§ **ASSIGNMENT**:
Going through the material below, output exactly the lines from the one containing "Mallard Steam Engine" through the one containing "Younger/Teachers press kit", and no pictures.

§ **STORED DATA**:
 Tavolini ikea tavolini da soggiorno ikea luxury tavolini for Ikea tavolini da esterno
...
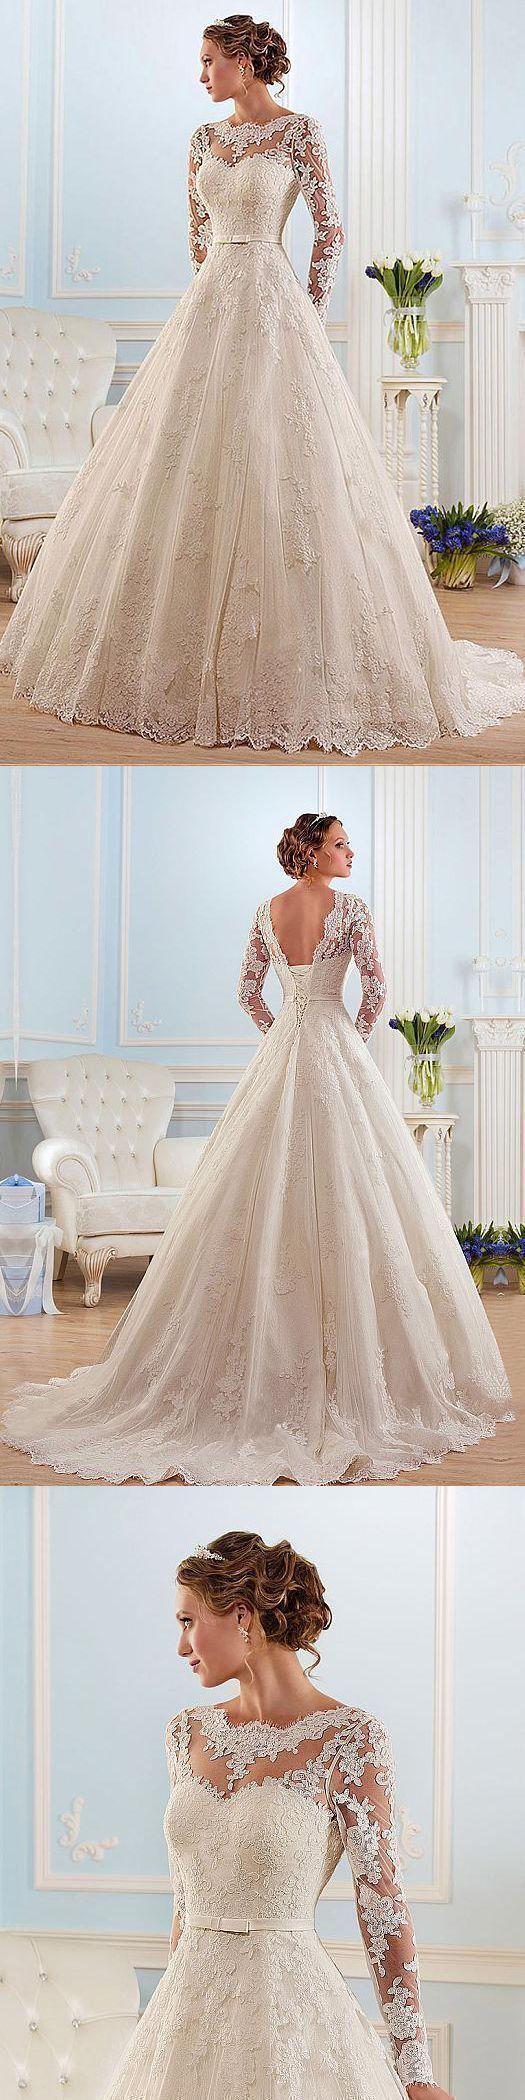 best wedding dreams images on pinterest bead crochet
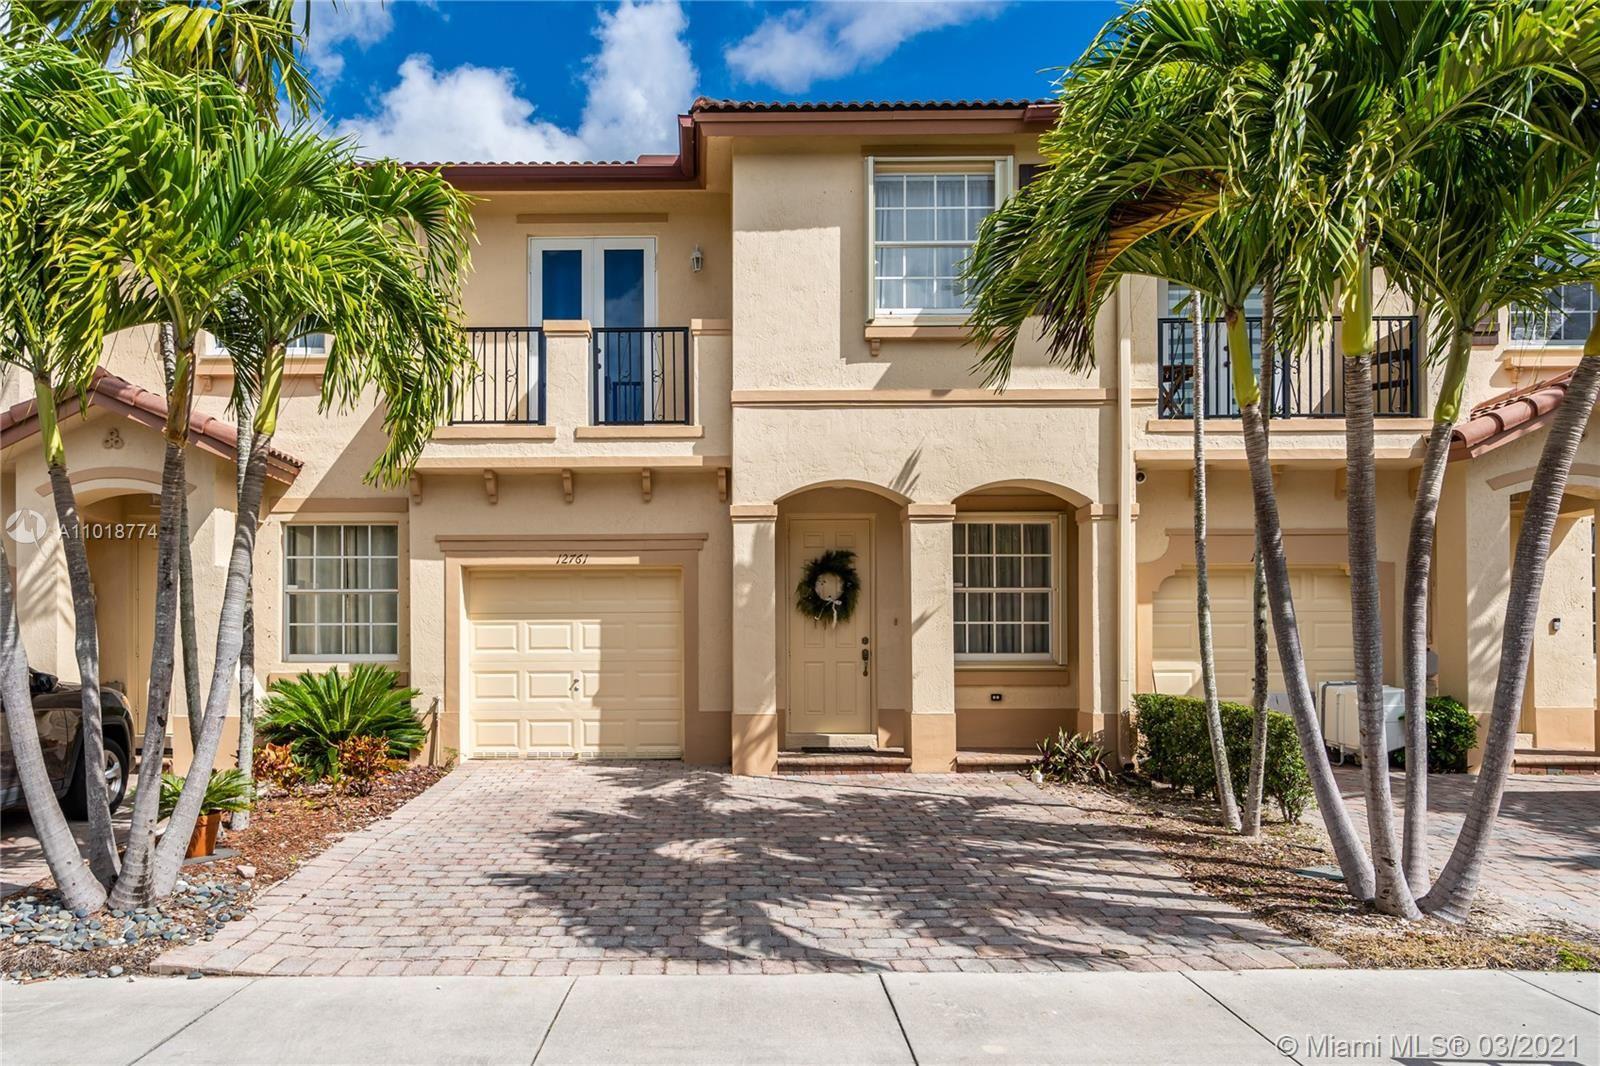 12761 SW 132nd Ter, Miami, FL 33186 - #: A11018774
* * *
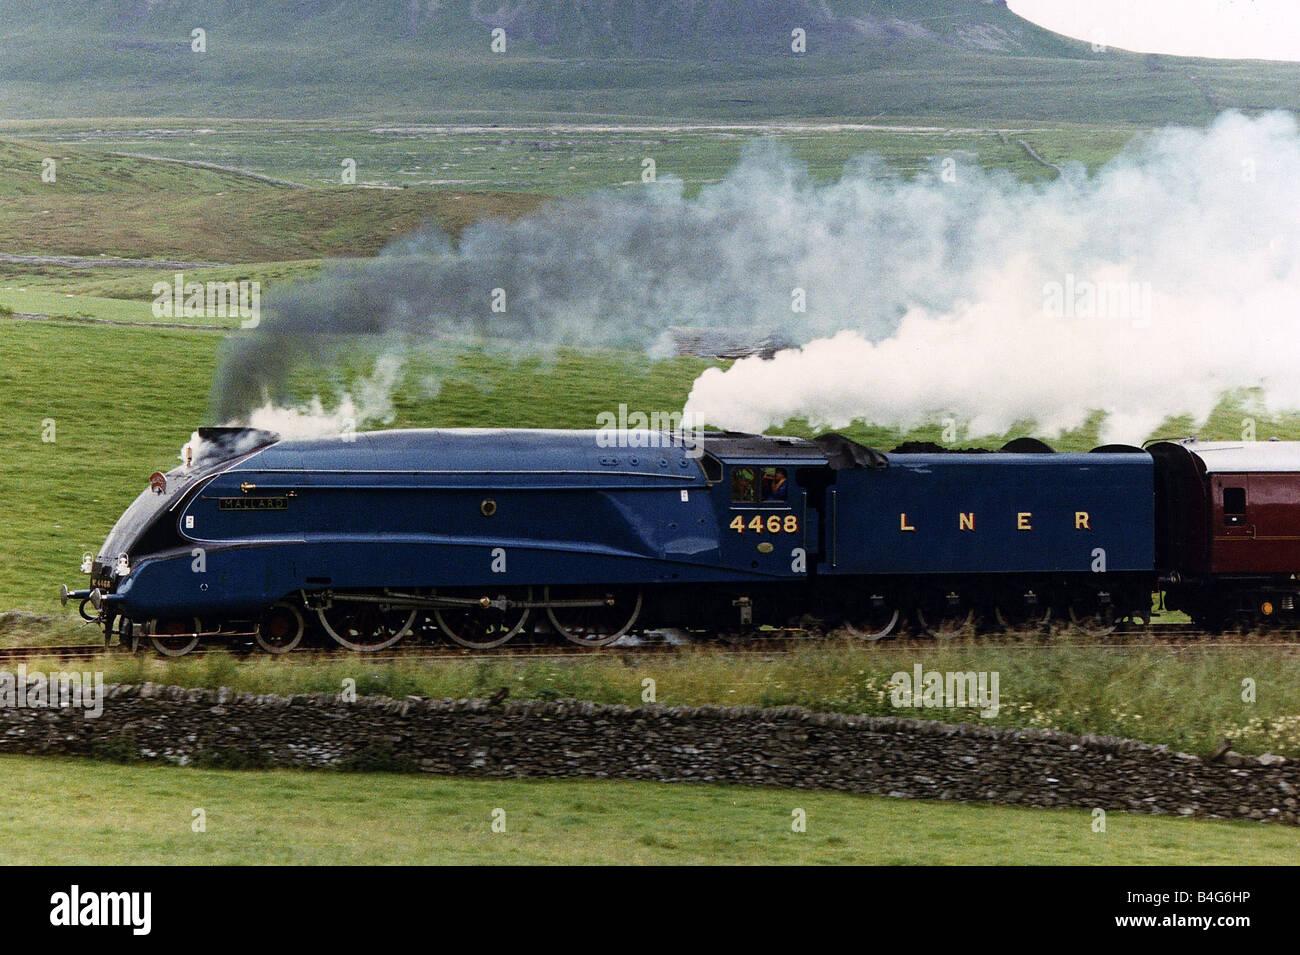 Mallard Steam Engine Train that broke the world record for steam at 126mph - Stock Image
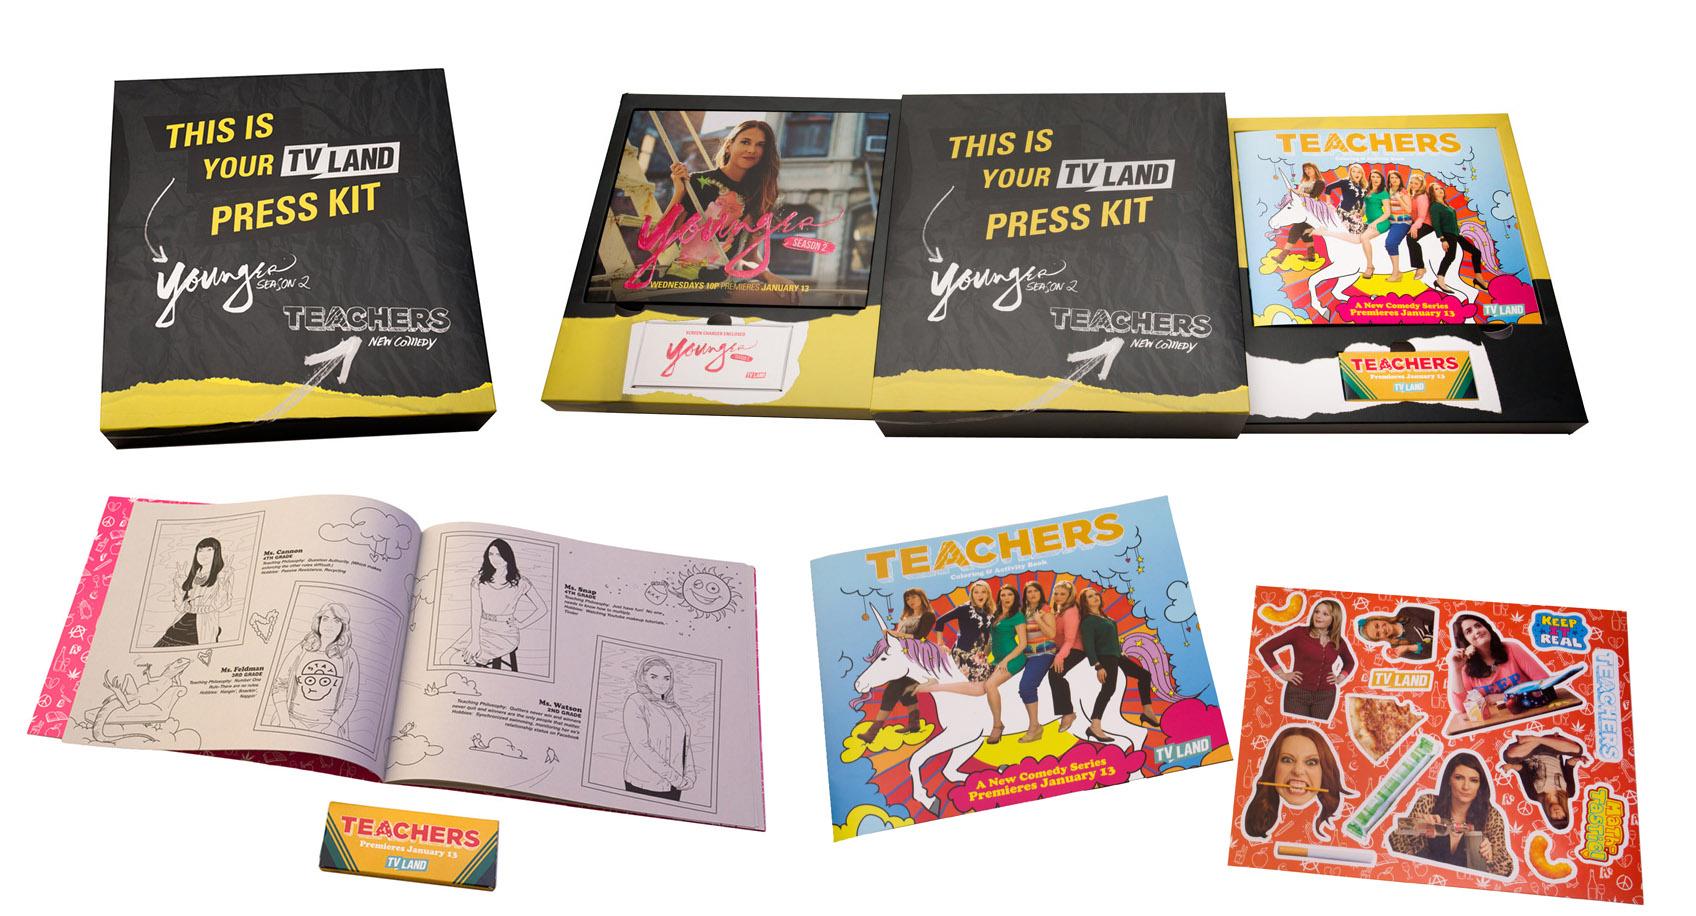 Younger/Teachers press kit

§ **EXERCISE ANSWER**:
 Mallard Steam Engine Train that broke the world record for steam at 126mph - Stock Image
 Younger/Teachers press kit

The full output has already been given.